It’s difficult to put aside money for retirement, especially when it’s tight. With a recession possibly on the way, saving for the future is that much more difficult.
However, economic downturns may be one of the finest opportunities to invest. The prices of stocks are significantly lower today, allowing your money to go further than it would during a market boom. If you can manage it, continuing to invest now will pay off handsomely in the long run.
There’s also a straightforward technique to increase your savings by hundreds of thousands of dollars with little effort: earning employer-matching 401(k) contributions.
Double your savings without lifting a finger
If your employer offers matching contributions through your 401(k) plan, you should take advantage of them. This is essentially free money that can quickly double your savings.
This benefit isn’t available in all plans, but if it is, your employer will match your 401(k) contributions up to a certain percentage of your income.
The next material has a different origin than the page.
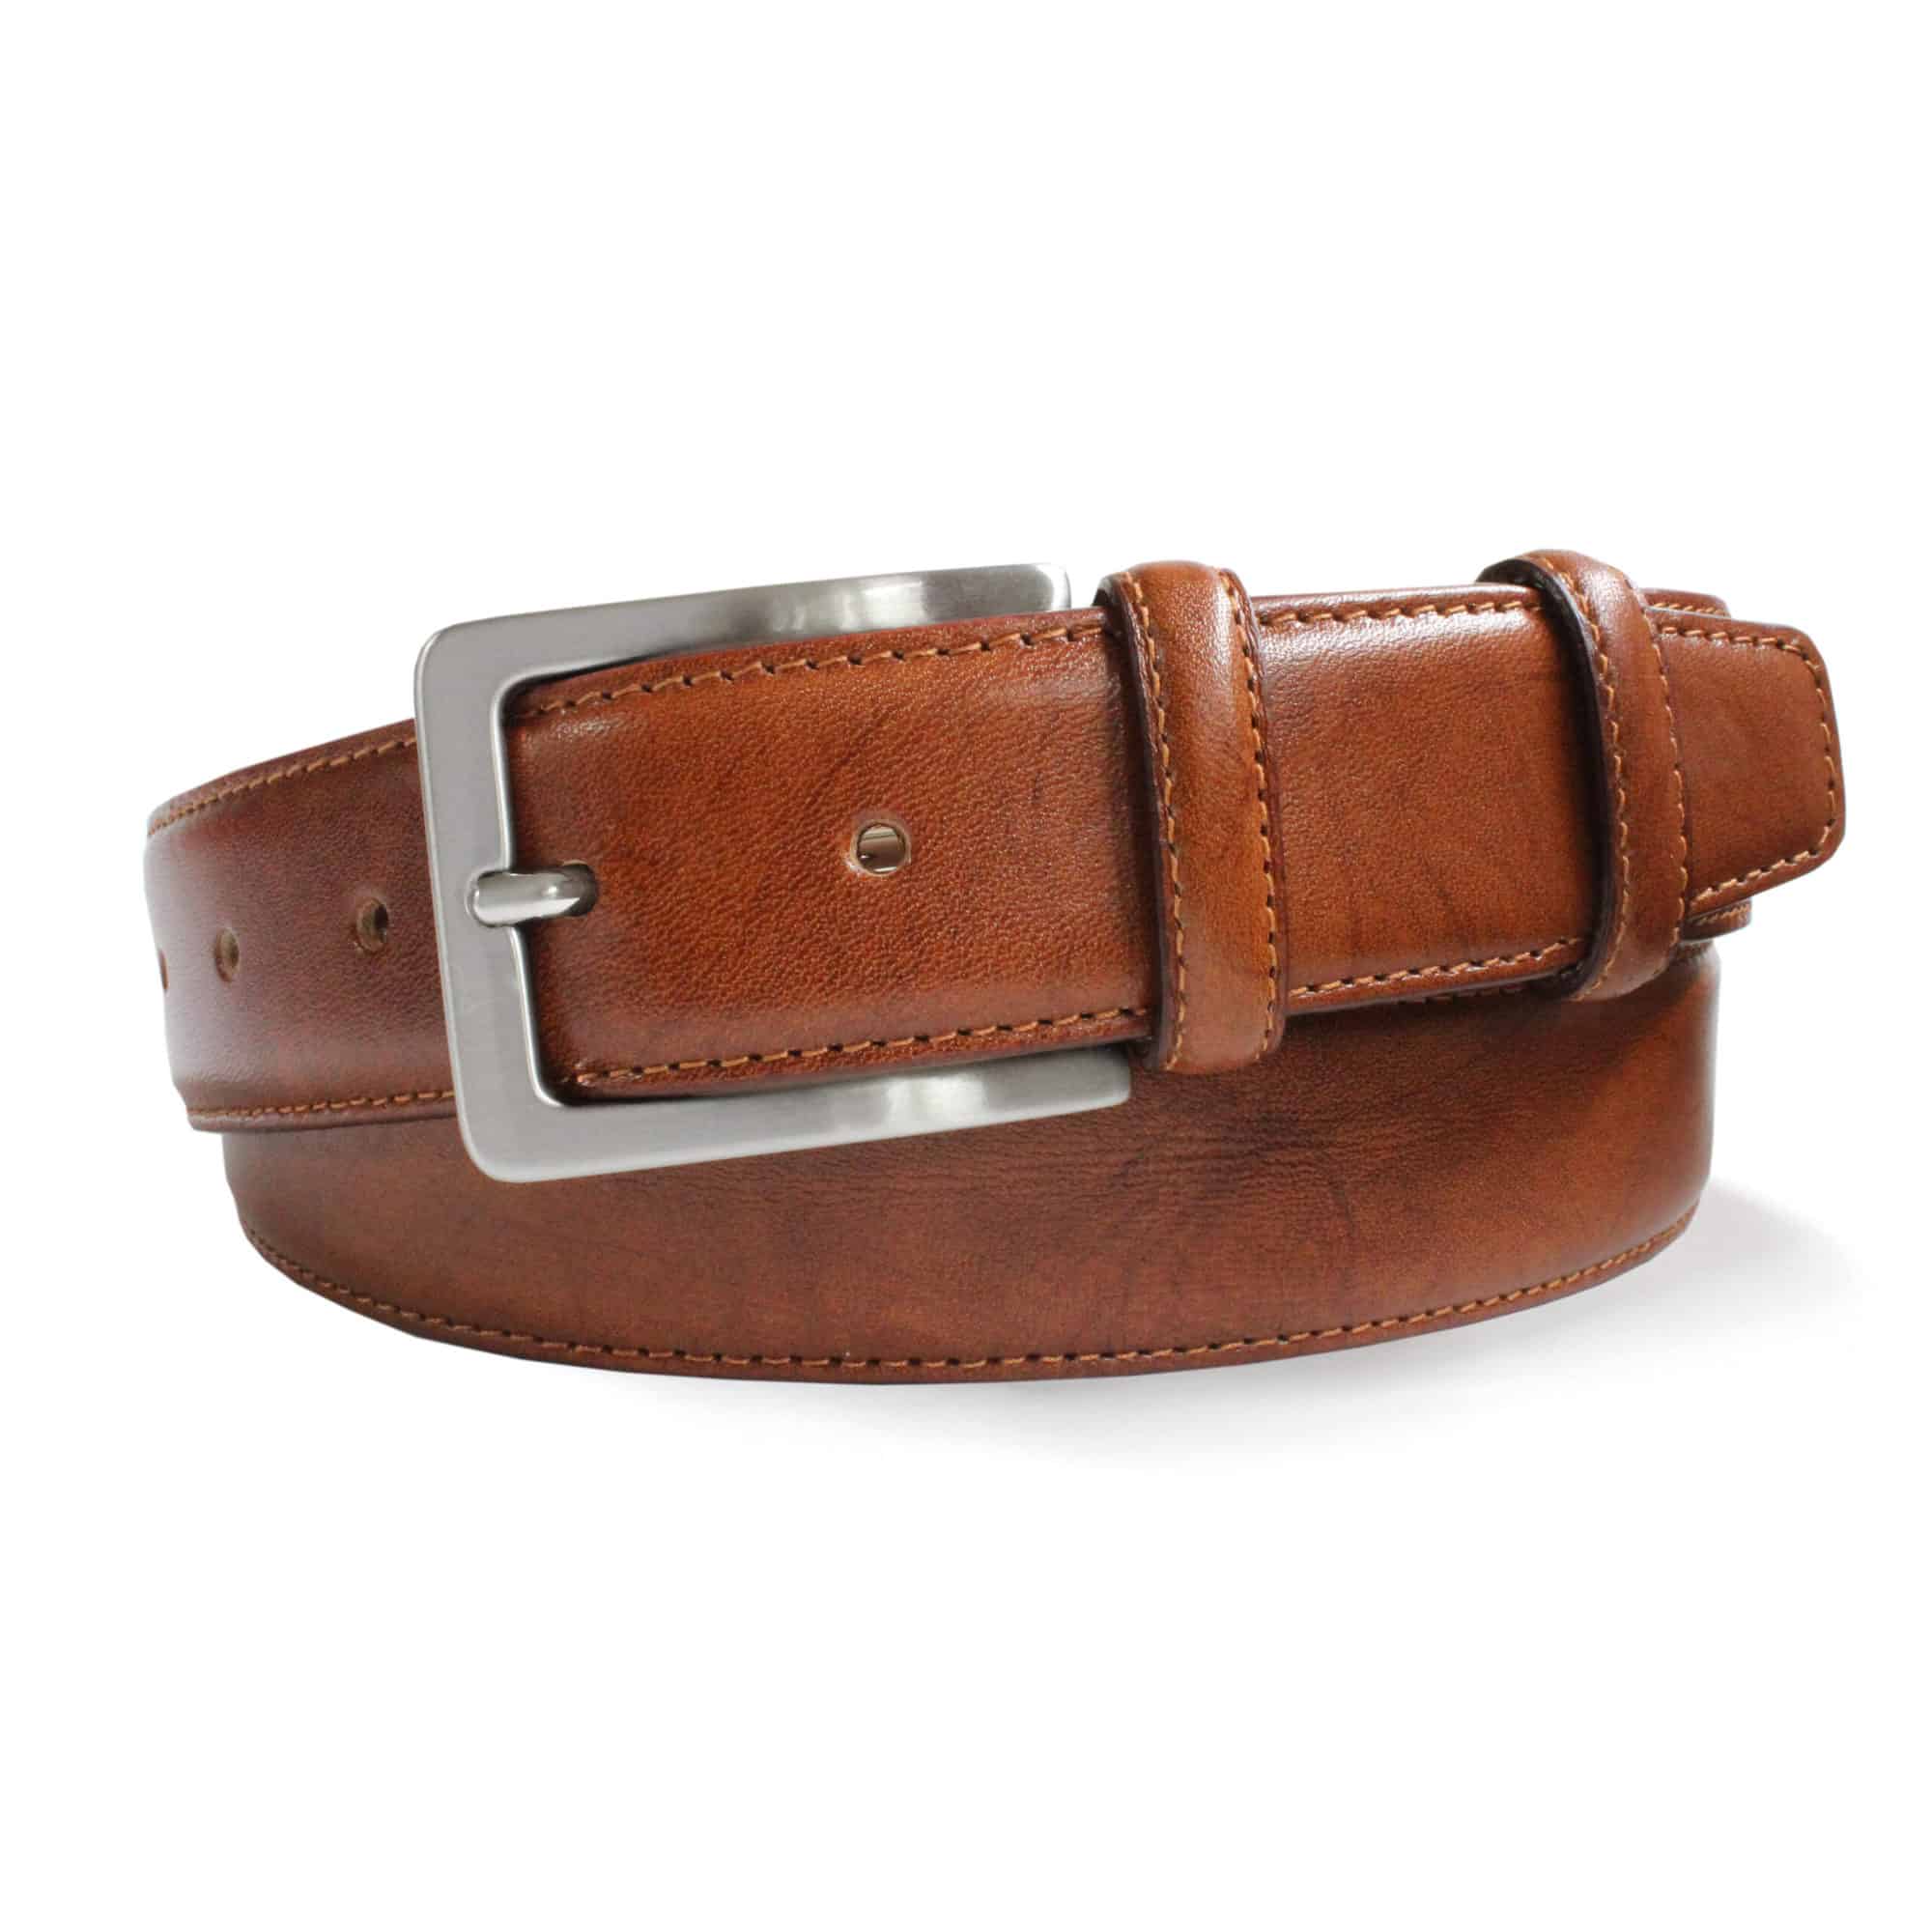 Tan Belt by Smart Clothes York Yorkshire

While it may not appear to be much today, the employer match can add up significantly over time.
The typical weekly earnings in the United States as of 2021 will be around $1,000, or roughly $52,000 per year. The average 401(k) match is 3.5% of pay. In this example, that works out to $1,820 in matching contributions each year.
Another $1,820 per year may not appear to be much of a difference. But let’s assume your investments yield an average return of 8% per year, which is just slightly below the historical average. After 30 years, that $1,820 per year would grow to almost $207,000.
Keep in mind that this is only considering your employer’s match. Your total savings, when you include your own 401(k) contributions, would be at least twice as much.
How to earn even more
Although a retirement fund worth hundreds of thousands of dollars puts you in a strong financial position, it is conceivable to make even more money. You may enhance your contributions or give your money more time to mature to maximize your investments.
If you’re able to save more each month, that money will go a long way over time. However, this isn’t always feasible, depending on your financial situation. In such situations, you can simply keep your funds invested for longer.
Assume you’re putting aside a total of $3,640 each year, or $1,820 in your own contributions plus the full employer match. With an 8% average yearly return, you’d have roughly $412,000 after 30 years.
However, suppose you kept investing for a further five years. Given that everything else stays the same, you’ll have a total of roughly $627,000. You’d have more than $942,000 after 40 years.
Your employer match is also adjusted to reflect your rising income. As you progress in your profession and receive higher salaries, the amount of money you get from your employer match will increase as well.
Saving for retirement is one of the wisest financial decisions you can make, and now is an excellent time to put money into your nest egg. You may significantly increase the amount of money you save if you use every possible avenue to receive employer matching contributions.